I hope you realize that when you impaled the package with the rocket, all the blood plasma, propane and brandy were lost."
That does not appear to be right, any other thoughts?
Thank you very much.
2006-11-05 08:59:04 · update #1
Sorry, the problem was that the rocket travels from the top of the cliff to the ground below where the explorer is. That is why the value you provided was incorrect.
2006-11-07 00:45:53 · update #2
The rocket travels in a parabolic trajectory (we assume it has a zero burn duration). It is at the peak with 0 vertical velocity when it lands on the cliff edge at s=200 m height. Under 1g deceleration, it takes SQRT(2*s/g) = 6.387 sec to reach this height. The horizontal distance traveled is 30 m in 6.387 sec for a velocity of 4.607 m/sec.
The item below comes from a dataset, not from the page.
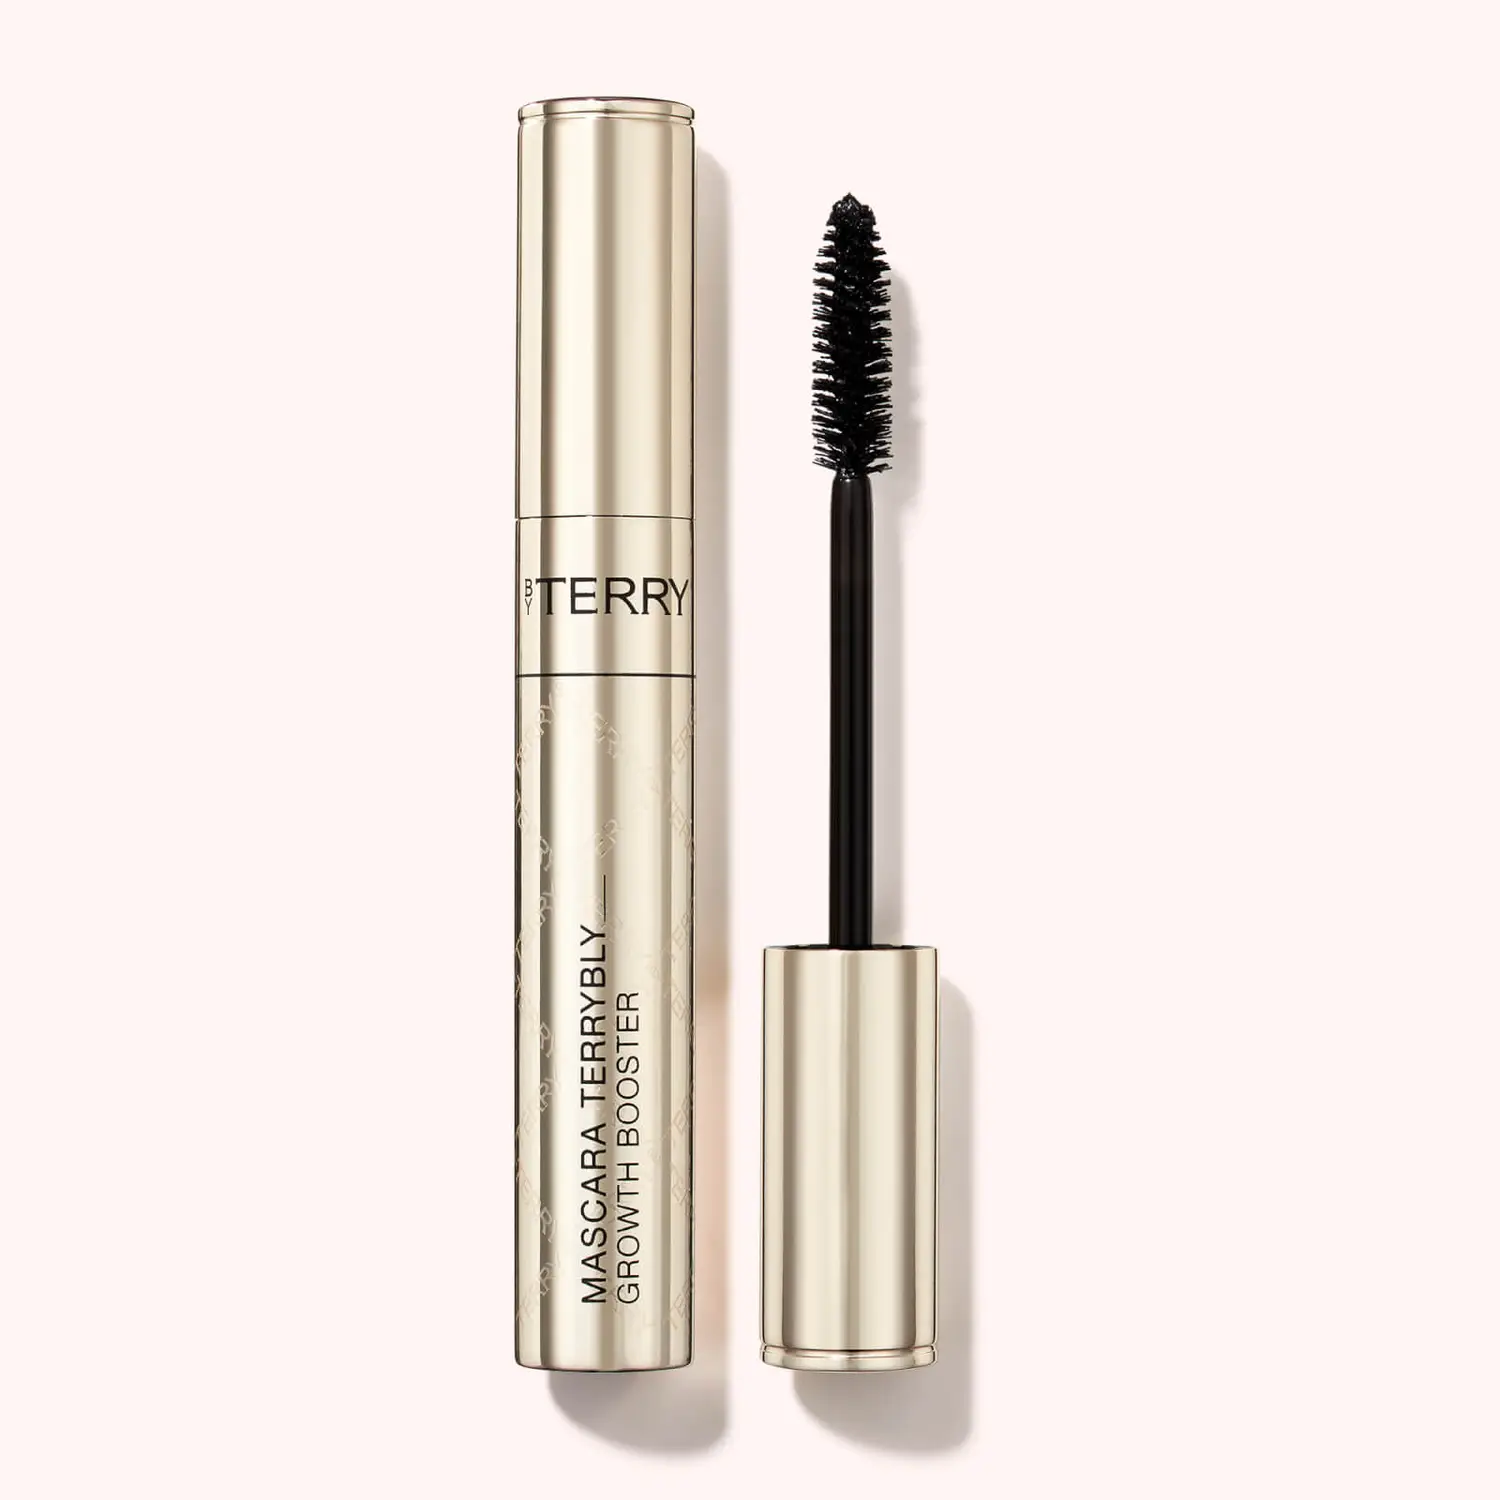 By Terry Terrybly Growth Booster Mascara

I hope you realize that when you impaled the package with the rocket, all the blood plasma, propane and brandy were lost.
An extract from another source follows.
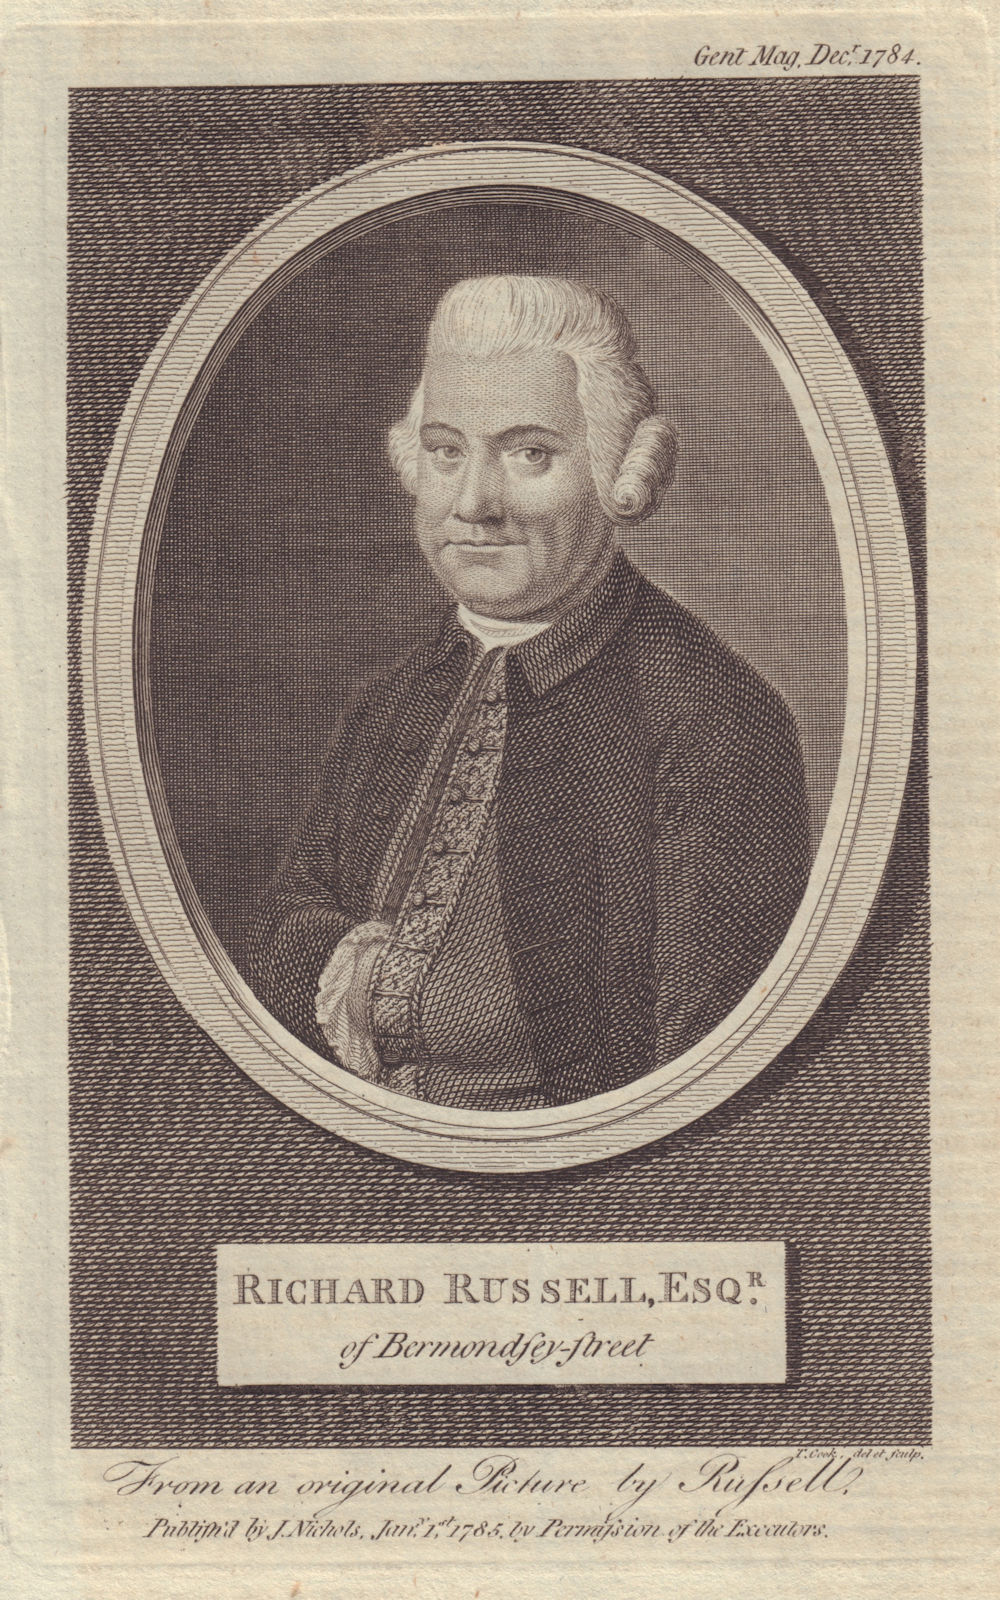 Associate Product Richard Russell Esq.r of Bermondsey Street. GENTS MAG 1784 old antique print

EDIT: It would help if you said why it doesn't seem right. But if it isn't right, we must not be trying to get the payload up the cliff, just across the river. Which makes the cliff height another irrelevant parameter, along with the rocket and payload masses, and also means our rocket doen't travel the hypotenuse as you thought. We want a minimum-energy way to fling the stuff across the river (distance S = 30m), which means a 45-degree launch elevation (and still a parabolic trajectory). At launch, vertical velocity Vy = horizontal velocity Vx. To solve for velocity we use two definitions of flight time T: T = 2Vy/g (the time to ascend to peak height and then descend to the ground; of course T also = 2Vx/g), and T = S/Vx (hor. distance/hor. velocity). Then 2Vx^2 = Sg = 30m*9.80665m/s^2, so Vx=Vy=12.128 m/s, and the velocity magnitude = 17.152 m/s. This is the launch and impact velocity.
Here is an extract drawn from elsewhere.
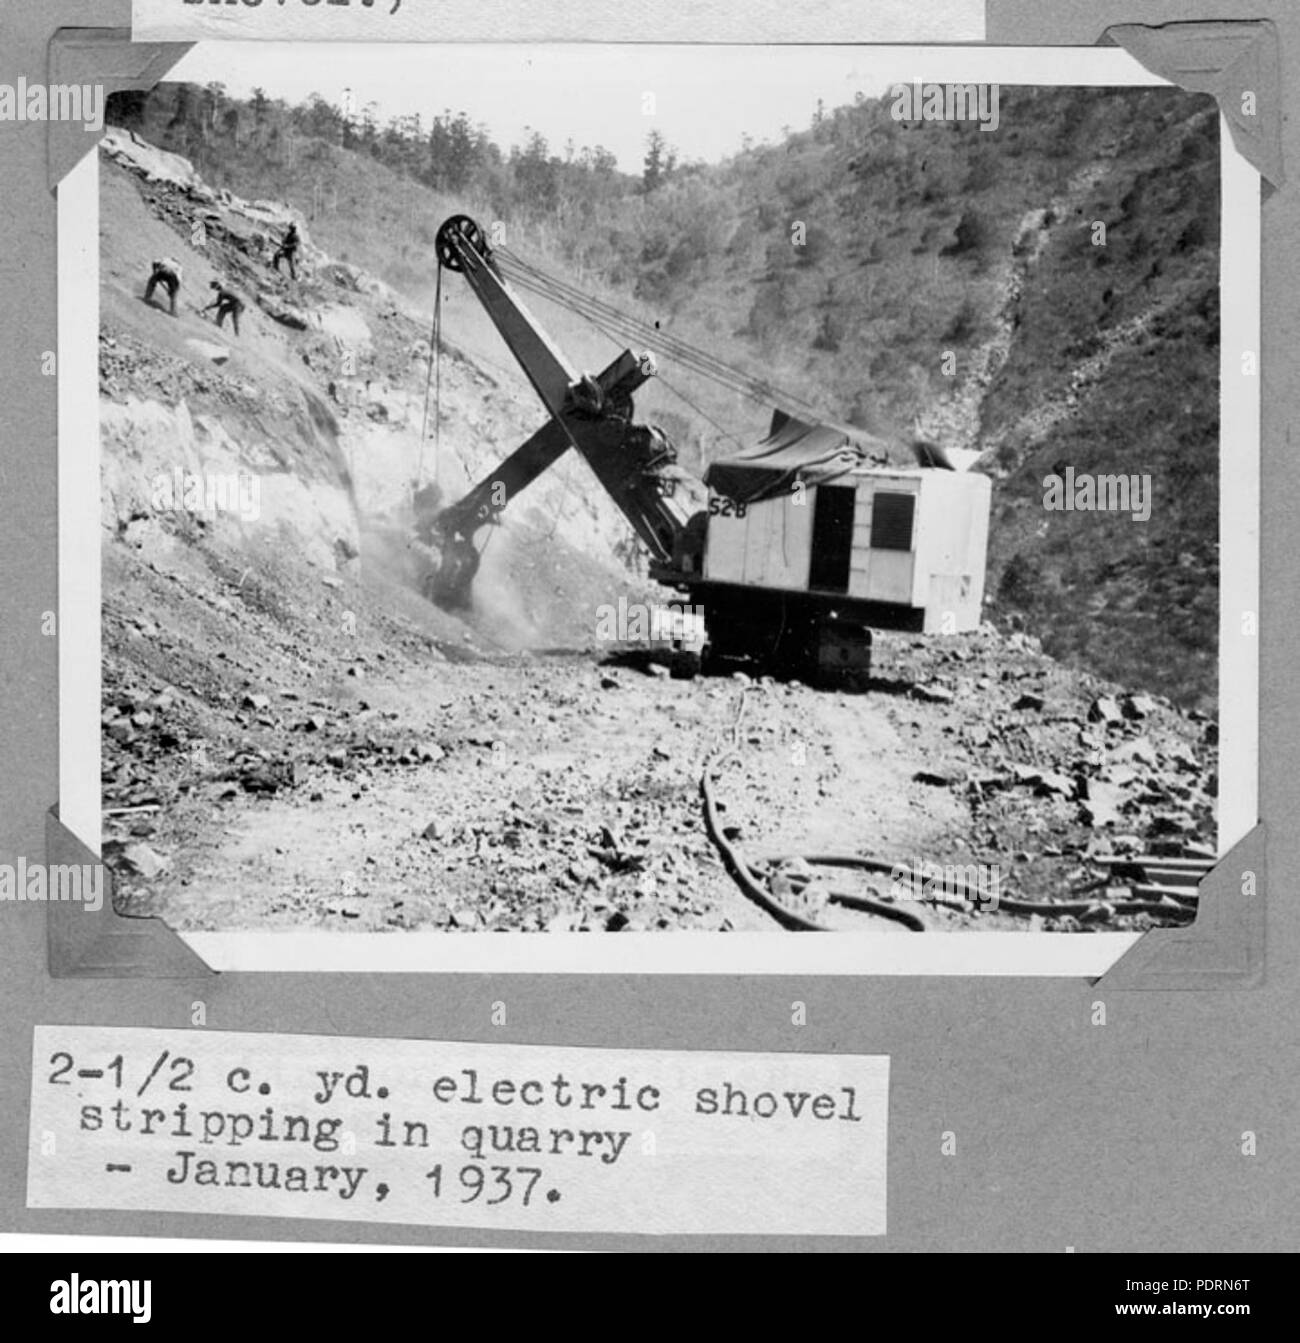 And the steam shovel фото 95

Of course if the rocket has more energy than this minimum value, one must change the launch elevation to compensate and impact velocity will be greater. If it has less energy than the minimum, the explorer croaks.
Now if this version doesn't seem right, maybe we're on top of the cliff and have to propel it downwards and across the river? I'll let you solve that one.
P.S. Your problem statement is confusing. You say "... then fire the rocket at ground level toward the supplies." Do you mean toward the explorer?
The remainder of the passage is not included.